Literature from Hofstede (1980, 2001) and Hall (1989) helps to establish that web design in virtual space is entrenched in cultural contexts. Web design within a country can follow a polychronic or monochronic style, and as such, cultural dimensions can impact web design by reflecting the collective behaviours and values associated with national and country backgrounds (Vyncke and Brengman, 2010; Moura et al., 2016). A polychronic design, popular in China, is characterised by the heavy use of animations, complex menus, and scrollbars on websites which also relates to low values of Uncertainty Avoidance (UA), seen in Table 2 (Capece and Di Pillo, 2021). Monochronic cultures are associated with web designs that focus more on transparent sites; it tells the users what the links are, and what lies behind them, and impose more linear navigation- associated with more Western contexts (ibid). This tells us that there are differences in online usability. Meaning that in the case of web design, layouts are catered according to the geographic access of the website, and expectations for usability differ in cross-cultural settings (Broeder and Scherp, 2017; Shi and Xu, 2020).

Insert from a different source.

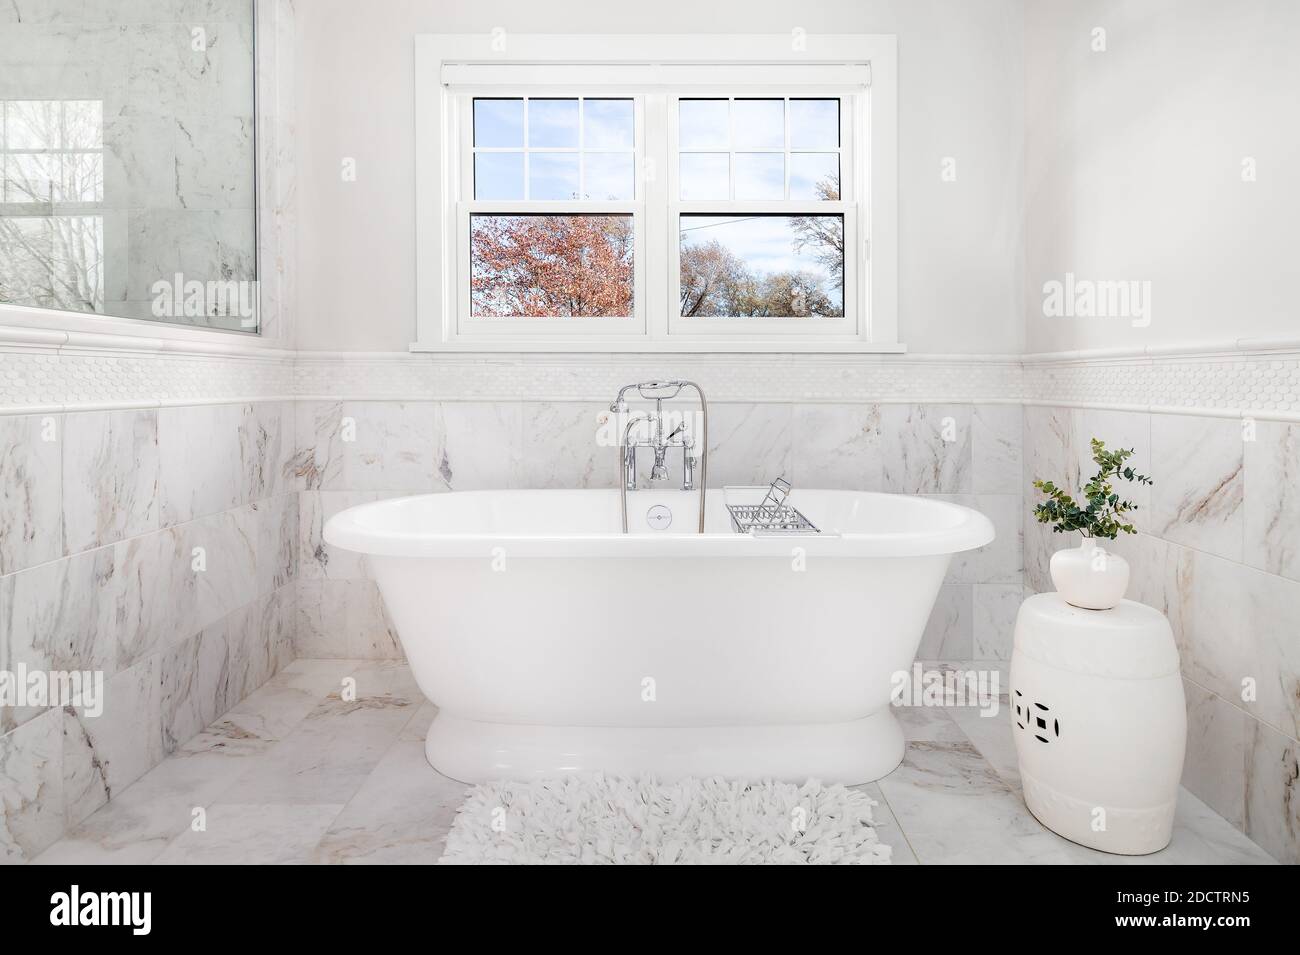 Ein luxuriöses Badezimmer mit einer Victoria + Albert Badewanne und Chrom Wasserhahn umgeben von Marmorfliesen auf dem Boden und an den Wänden. Stockfoto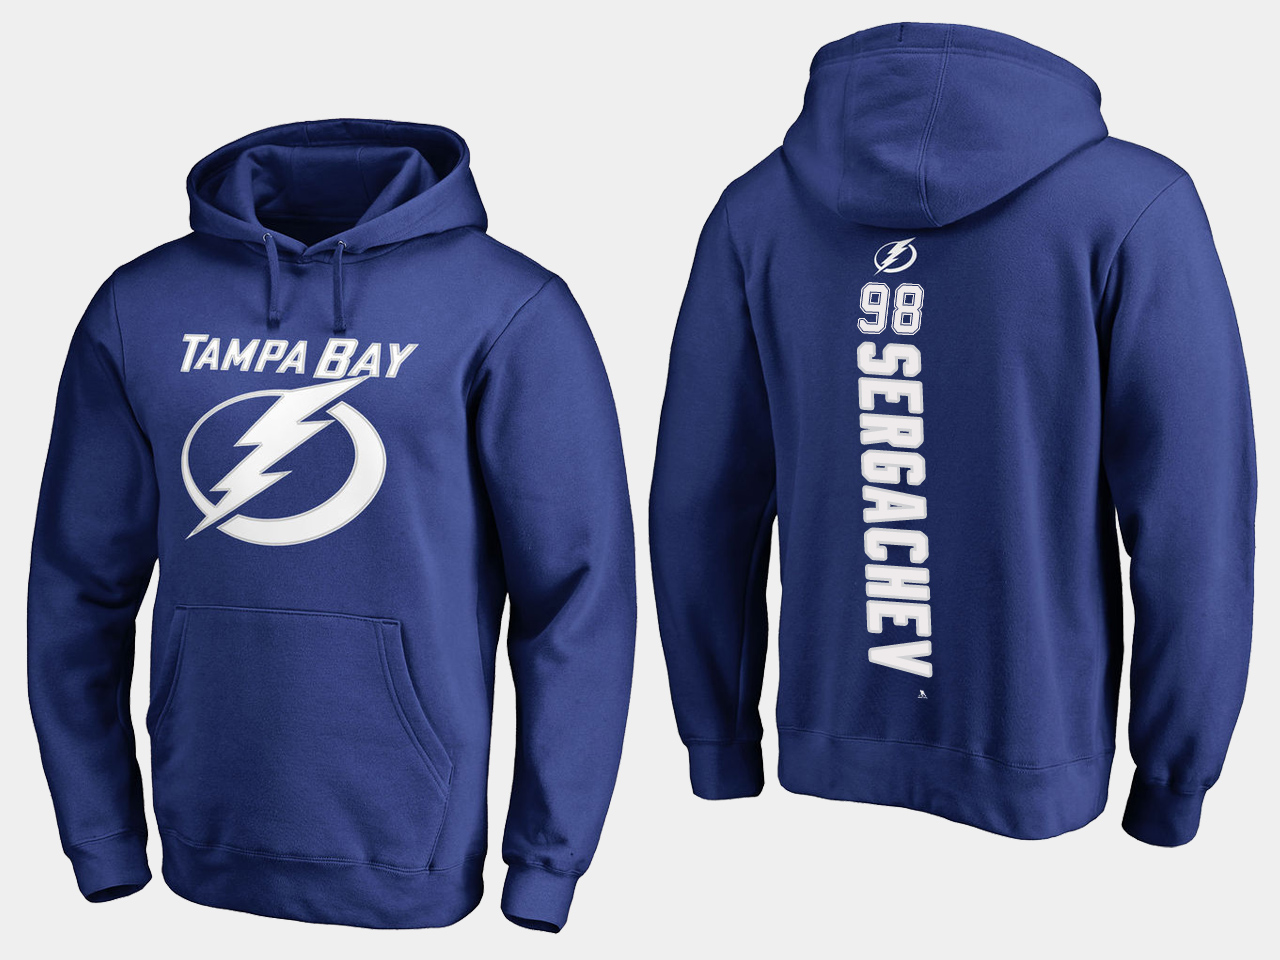 NHL Men adidas Tampa Bay Lightning 98 Sergachev blue hoodie

A popular concept that comes up in cross-cultural studies of web design and communication is trust. It is suggested that familiarity with social media platforms like Twitter, Instagram, and Facebook creates a concept of implicit trust. This may not be the case for all users, but as users increasingly experience cultural and technical globalisation, their familiarity with popular social media platforms increases. Trust is suggested to revolve around user expectations, such as social media will behave in a certain way when accessed, that the layout will always be the same and that the navigation of the interface is consistent and predictable. These assumptions have guided what areas would have the most attention, or fixations, in eye-tracking results.
Eye-tracking
For the disciplines in focus, like psychology, eye-tracking offers the unique opportunity to observe behaviours that contribute to decision-making both consciously and unconsciously. Briefly, this section discusses some advantages of using eye-tracking for our study compared to other data collection techniques. For example, eye movements can indicate subconscious behaviours and decision-making when observing stimuli that may not be self-reported by the participant; self-reports include methods, such as surveys, interviews, and focus groups (Orquin and Holmqvist, 2019). Eye-tracking also allows judgements, decisions, and observations to be collected on the participant over a period of time without interruption to the data collection process (Rahal and Fiedler, 2019) This study utilised both these aspects by recording the eye fixations collated on Areas of Interest (AOIs) and participant’s self-reported qualitative answers about news examples. AOIs are used in this study to indicate pre-defined areas on social media Examples that we thought participants would look at. Self-reported qualitative answers were included to establish if eye-tracking results mirrored participants’ introspection on what they considered traits of real/fake news. Online webcam-based eye-tracking was chosen over surveys and self-report studies due to its more unbiased collection of data (Schmuck et al., 2020). By using a participant’s computer webcam at home versus an eye-tracking lab, it is suggested a better replicate of a real-world environment is provided (Hummel et al., 2017). It is suggested that data collected on underlying cognitive behaviours may have been missed if a participant was relied on to self-report their observations. Online webcam-based eye-tracking was also pursued because of the impact of COVID-19 on lab access to eye-tracking equipment and participants.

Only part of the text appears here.